Thread: Network interface trouble

  1. Network interface trouble

    I have a FreeBSD box which was running on 6.1. I just upgraded to 6.2 in
    hope of fixing this problem, but without any success.

    The problem is that the LAN interface randomly goes down, then up. This
    happens a few times, then the whole machine freezes.

    This is the output in /var/log/messages. The first UP is me bringing it
    up by hand - it stays up a whole six seconds before starting to flap.

    Jan 20 19:34:06 mariner kernel: xl0: link state changed to UP
    Jan 20 19:34:12 mariner kernel: xl0: link state changed to DOWN
    Jan 20 19:34:14 mariner kernel: xl0: link state changed to UP
    Jan 20 19:34:40 mariner kernel: xl0: link state changed to DOWN
    Jan 20 19:34:42 mariner kernel: xl0: link state changed to UP
    Jan 20 19:35:23 mariner kernel: xl0: link state changed to DOWN
    Jan 20 19:35:24 mariner kernel: xl0: link state changed to UP

    This goes on for a while, then the whole thing just freezes up.

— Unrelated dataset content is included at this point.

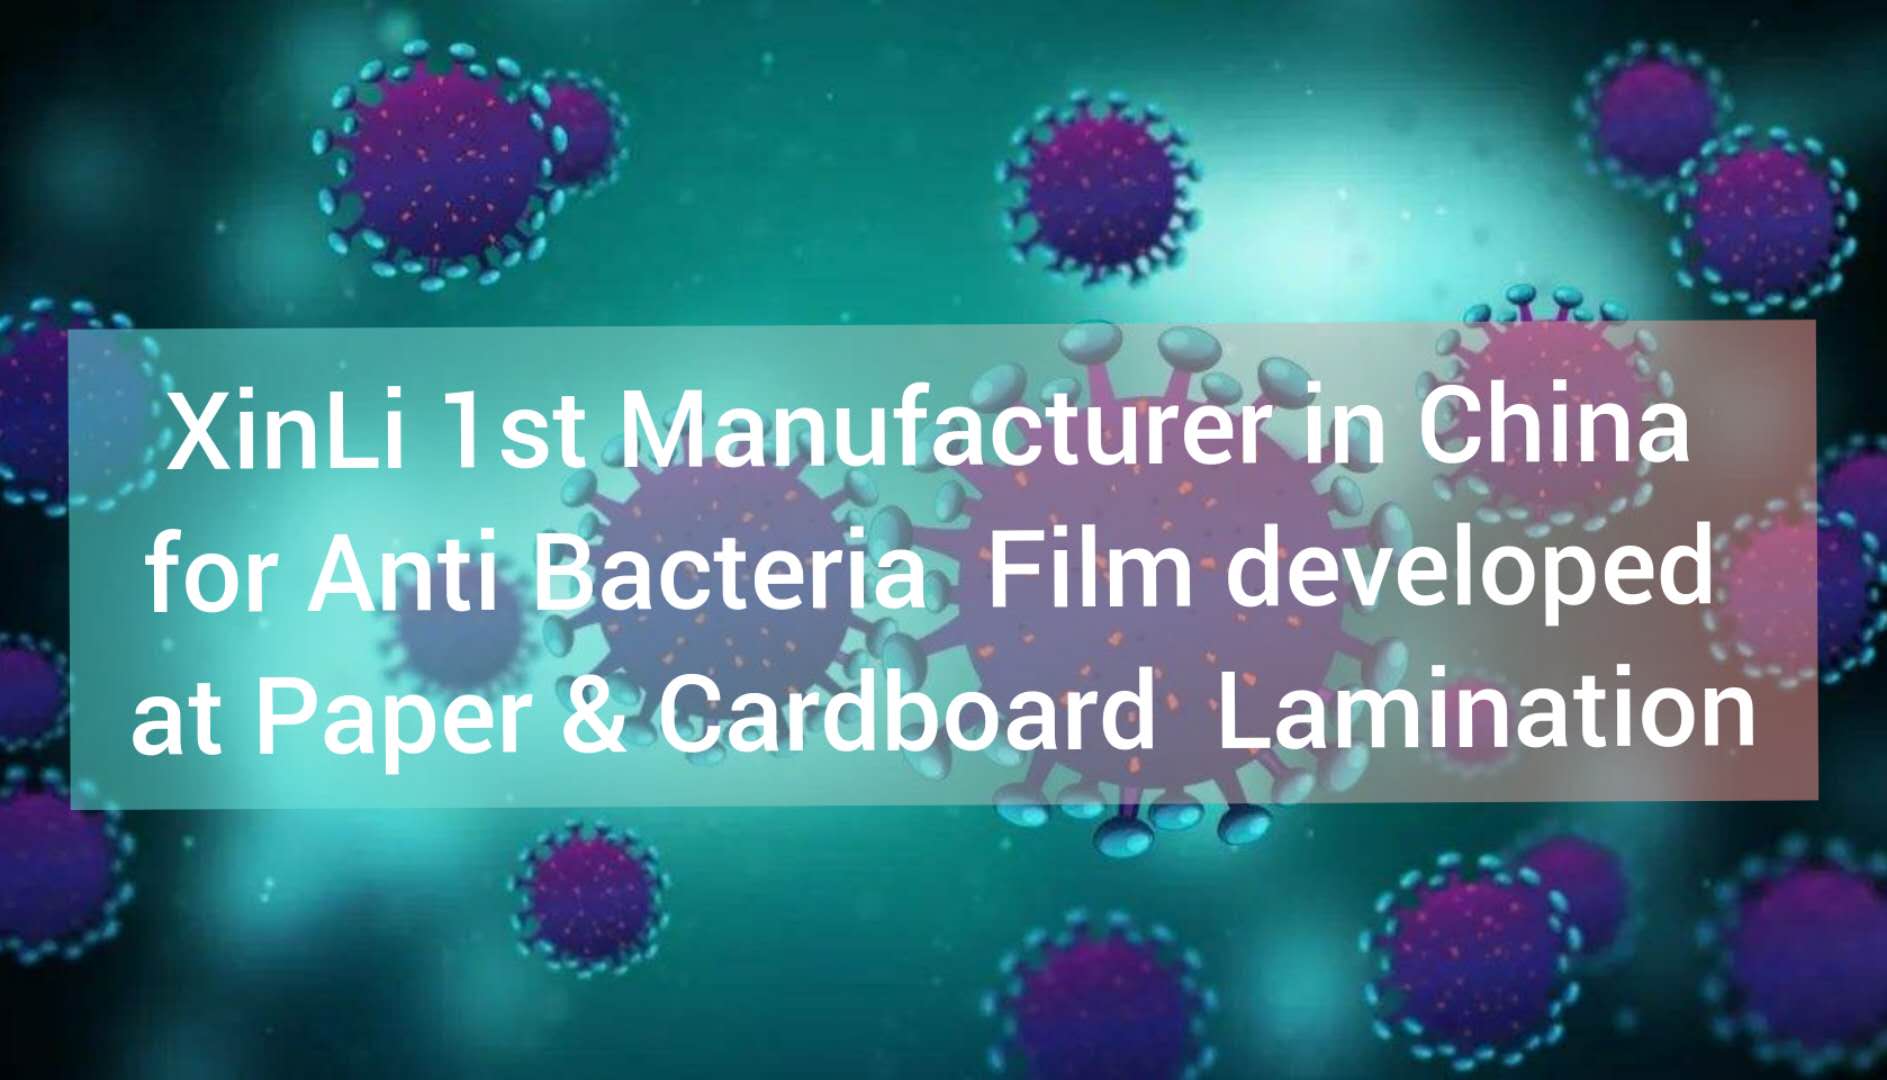 Hot news - XinLi BacterStop(Anti-microbial) films Launched

When I
    force a reboot, there is nothing in the log file to indicate what
    happened. There is not even access from the local console during the freeze.

    Note that bge0, the WAN interface, does not appear here - it's just xl0.
    I am suspecting hardware trouble at this point, but it seems odd that a
    NIC would just die on me like this.

    Everything is just where it was last week, when it was working fine.
    There have been no upgrades, no new cables, no nothing. The machine is
    on a UPS, so even power fluctuations shouldn't affect it, and it has no
    keyboard attached normally, so humans can't mess it up.

    Any suggestions? Or should I just shut up and go buy a new NIC?


    --
    It can be difficult to translate into iptables the artistic intent of a
    pf rule that says "pass out quick on $cheap_gin".

  2. Re: Network interface trouble

    double_dub wrote:

    > I have a FreeBSD box which was running on 6.1. I just upgraded to 6.2 in
    > hope of fixing this problem, but without any success.
    >
    > The problem is that the LAN interface randomly goes down, then up. This
    > happens a few times, then the whole machine freezes.
    >
    > This is the output in /var/log/messages. The first UP is me bringing it
    > up by hand - it stays up a whole six seconds before starting to flap.
    >
    > Jan 20 19:34:06 mariner kernel: xl0: link state changed to UP
    > Jan 20 19:34:12 mariner kernel: xl0: link state changed to DOWN
    > Jan 20 19:34:14 mariner kernel: xl0: link state changed to UP
    > Jan 20 19:34:40 mariner kernel: xl0: link state changed to DOWN
    > Jan 20 19:34:42 mariner kernel: xl0: link state changed to UP
    > Jan 20 19:35:23 mariner kernel: xl0: link state changed to DOWN
    > Jan 20 19:35:24 mariner kernel: xl0: link state changed to UP
    >
    > This goes on for a while, then the whole thing just freezes up. When I
    > force a reboot, there is nothing in the log file to indicate what
    > happened. There is not even access from the local console during the
    > freeze.
    >
    > Note that bge0, the WAN interface, does not appear here - it's just xl0.
    > I am suspecting hardware trouble at this point, but it seems odd that a
    > NIC would just die on me like this.
    >
    > Everything is just where it was last week, when it was working fine.
    > There have been no upgrades, no new cables, no nothing. The machine is
    > on a UPS, so even power fluctuations shouldn't affect it, and it has no
    > keyboard attached normally, so humans can't mess it up.
    >
    > Any suggestions? Or should I just shut up and go buy a new NIC?
    >


    I have an old gateway/firewall/server box that has two xl cards in it. It
    was recently updated from 6.1-Release to 6.2-Release and I've not noticed
    any problems with my xl's. I was using dialup for many years, so for the
    longest time I only had one xl in the box. A couple of months ago I got DSL
    service and added the second xl NIC. Been fine all this time.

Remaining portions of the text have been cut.